Periodic Reporting for period 2 - SafeOPS (From Prediction to Decision Support - Strengthening Safe and Scalable ATM Services through Automated Risk Analytics based on Operational Data from Aviation Stakeholders)
Período documentado: 2022-01-01 hasta 2022-12-31
The next generation Air Traffic Management systems are pushed more and more towards digitization, fueled by the demands to increase capacity and cost-efficiency while also increasing the already high safety and resilience levels. SafeOPS proposed and investigated a decision support tool for Air Traffic Controllers, which provides real time, predictive risk information on the likelihood of approaches to perform a go-around.
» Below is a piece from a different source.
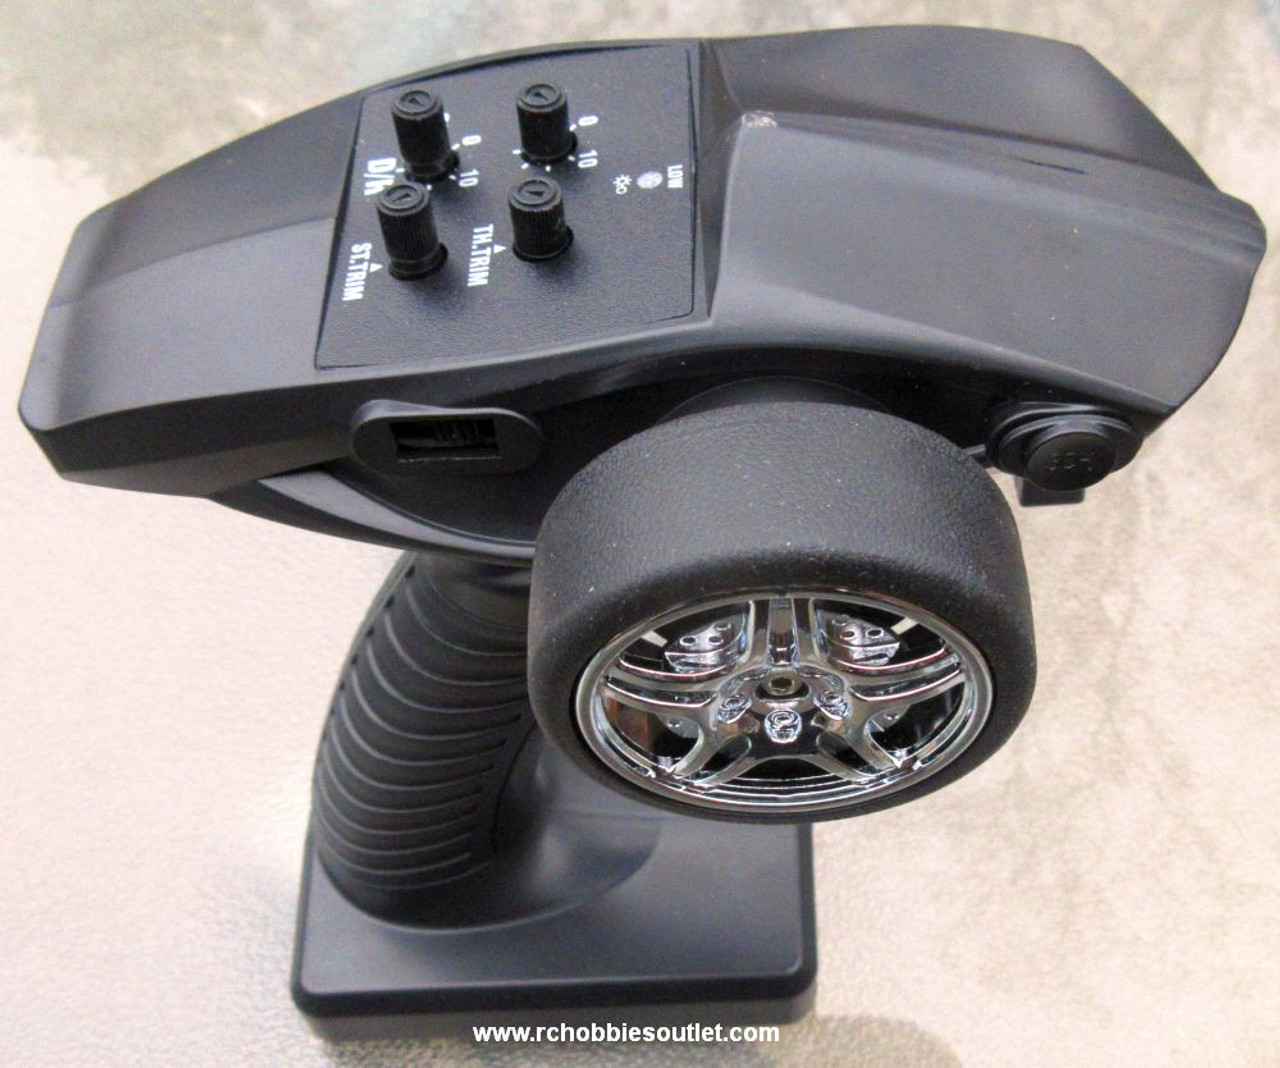 2.4G Radio System

The underlying idea is that Air Traffic Controllers incorporate this predictive information in the handling of departures and approaches, especially in high traffic situations.
As of today, Air Traffic Controllers recognize the onset of go-arounds through pilots' communication and from observing the aircraft visually or via radar. Go-arounds are a standard and well-established flight procedure, for flight crews as well as for Air Traffic Controllers, despite the relatively low likelihood. Strategies to handle go-arounds however are of reactive nature, meaning they become active once the Air traffic Controller identifies the ongoing go-around. Especially in high traffic congestions, handling a go-around becomes complex, since knock-on effects like separation infringement or wake turbulence challenges with preceding departures can arise. Air Traffic Controllers are trained for such situations, nevertheless, resolving such situations, while maintaining safe separation, increases the workload of the Air Traffic Controller, as well as the Flight Crew.
The idea when providing predictive risk information in this scenario is to thereby improve the situational awareness and thus the decision-making of Air Traffic Controllers, by enabling a proactive approach in handling go-arounds. This shift from reactive to proactive go-around handling could avoid the described knock-on effects, possibly triggered by go-arounds, yielding a positive impact on safety and resilience but also capacity of Air Traffic Management.
The question addressed by SafeOPS was, how predictive tools, and the inherently probabilistic nature of their outputs, will change the approach and departure handling of Tower Controllers. Can predictive tools increase the safety and cost-efficiency and can the resilience of the system be maintained or further improved.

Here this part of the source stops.